Efficient evidential indexing of three-dimensional models using prototypical parts
This thesis is concerned with efficient recognition of three-dimensional (3-D) objects using parametric part descriptions. The parametric shape models used are superquadrics, as recovered from depth data. The primary contribution of our research lies in a principled solution to the difficult problems of object part classification and model indexing. The novelty of our approach is in the use of a formal statistical approach for superquadric part classification and a formal evidential framework for model indexing. In addition, the method used for model indexing is amenable to the use of massive parallelism using a connectionist implementation of evidential semantic networks. A major concern in practical vision systems is how to retrieve the best matched models without exploring all possible object matches. Our approach is to cluster together similar model parts to create prototypical part classes which we term protoparts. Each superquadric part recovered from the input is paired with the best matching protopart using precompiled class statistics. The features used by the classifier are the statistically most significant subset of parameters, computed using principal component analysis.

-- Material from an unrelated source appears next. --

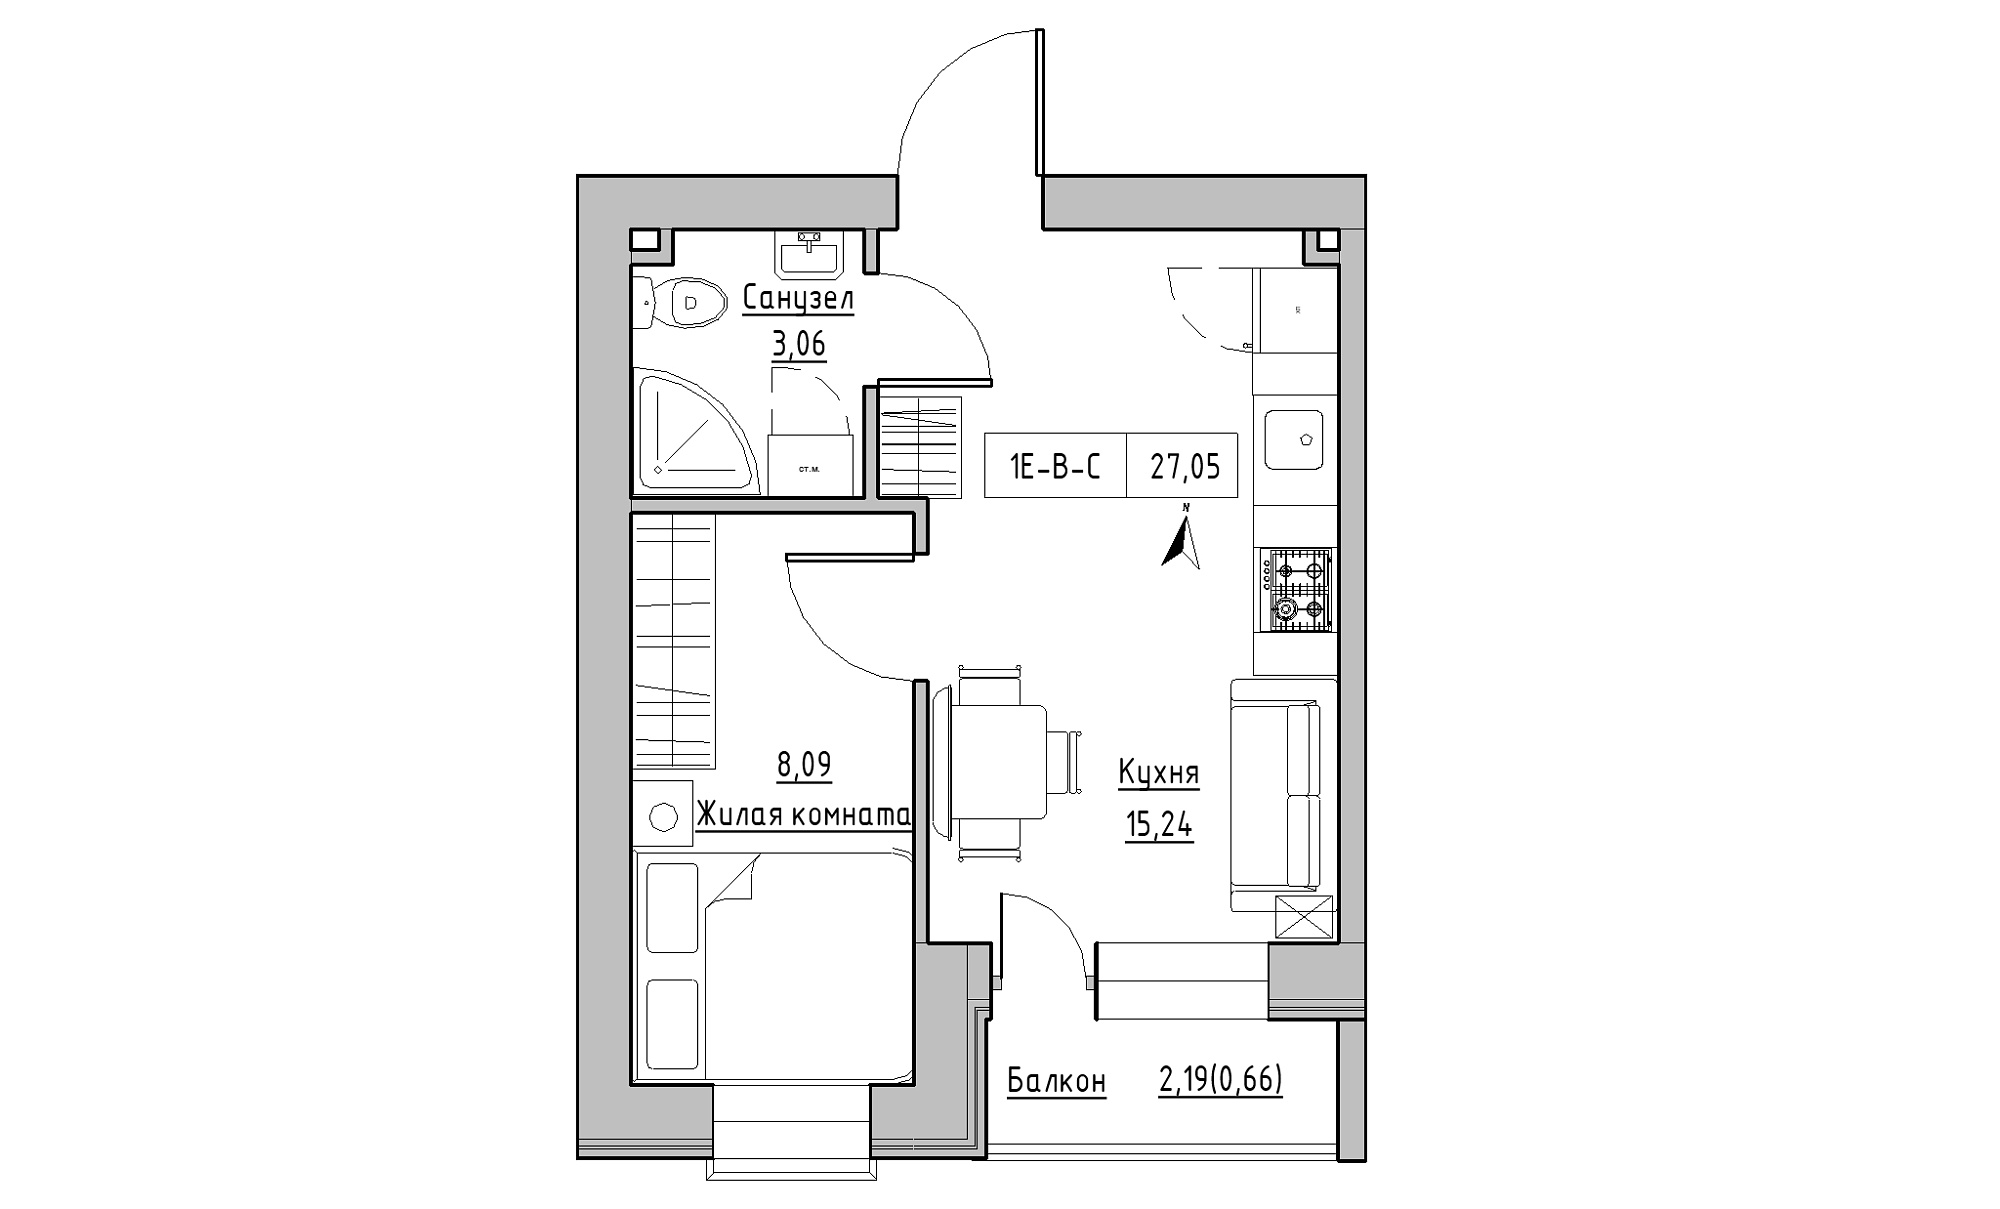 Планировка 1-к квартира площей 27.05м2, KS-016-05/0008.
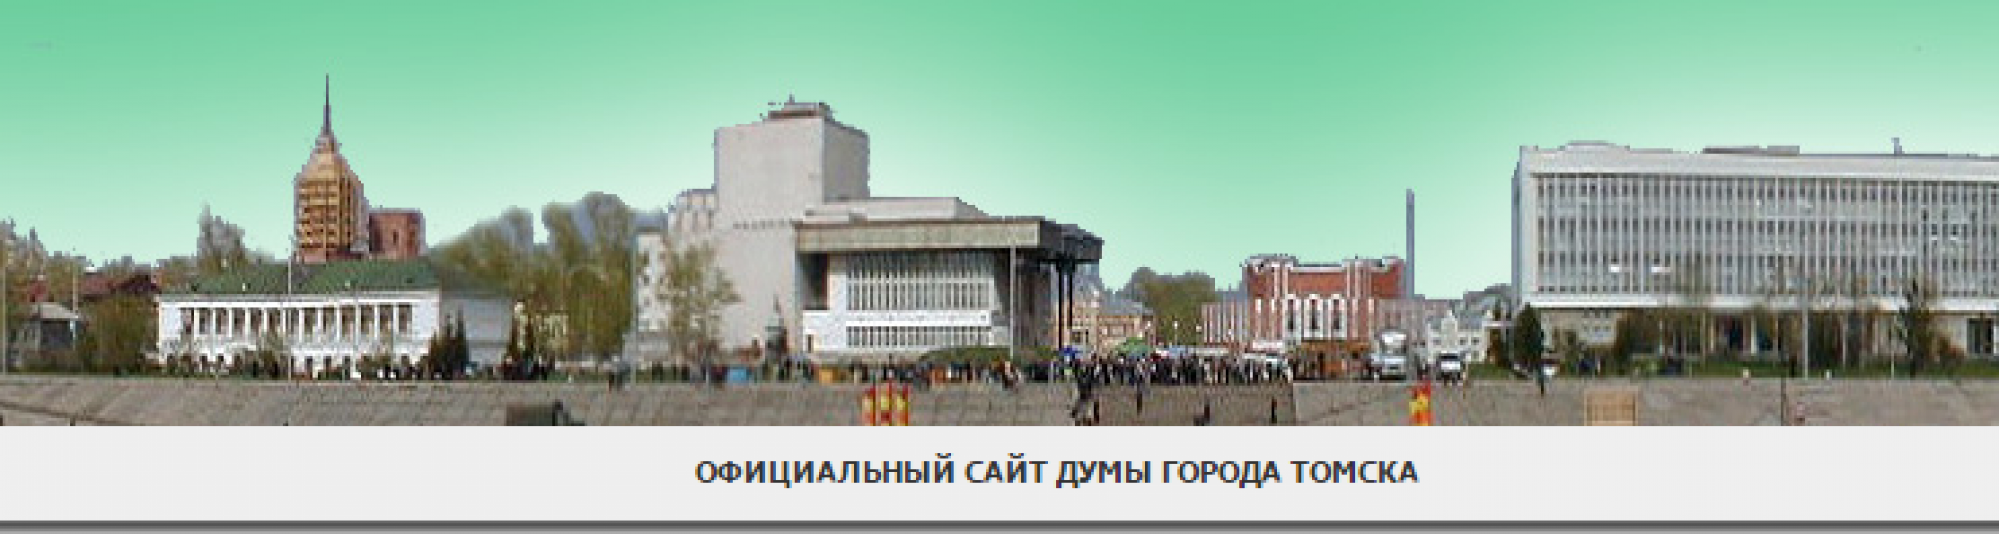 Старая версия официального сайта Думы города Томска доступна по адресу http://duma2.admin.tomsk.ru/

The selected protoparts are used to index into the model database and the retrieved models are ranked by combining the evidence from the protoparts. We have implemented a working vision system based on the principles described above. Our work builds on a technique for fitting dense range data from simple 3-D scenes with superquadric models and uses a scheme for segmenting range data from complex 3-D objects into their constituent parts in terms of surface and volumetric primitives. Our contributions include a bootstrapping technique for dealing with small training databases, a protopart classifier and an evidential model indexing algorithm. To date, our vision system has been tested on a small database of bottles. Results, of recognition experiments with familiar, occluded and novel objects indicate the promise of our approach of using protoparts as model indexing keys.
Katriel, Ron, "Efficient evidential indexing of three-dimensional models using prototypical parts" (1994). Dissertations available from ProQuest. AAI9427554.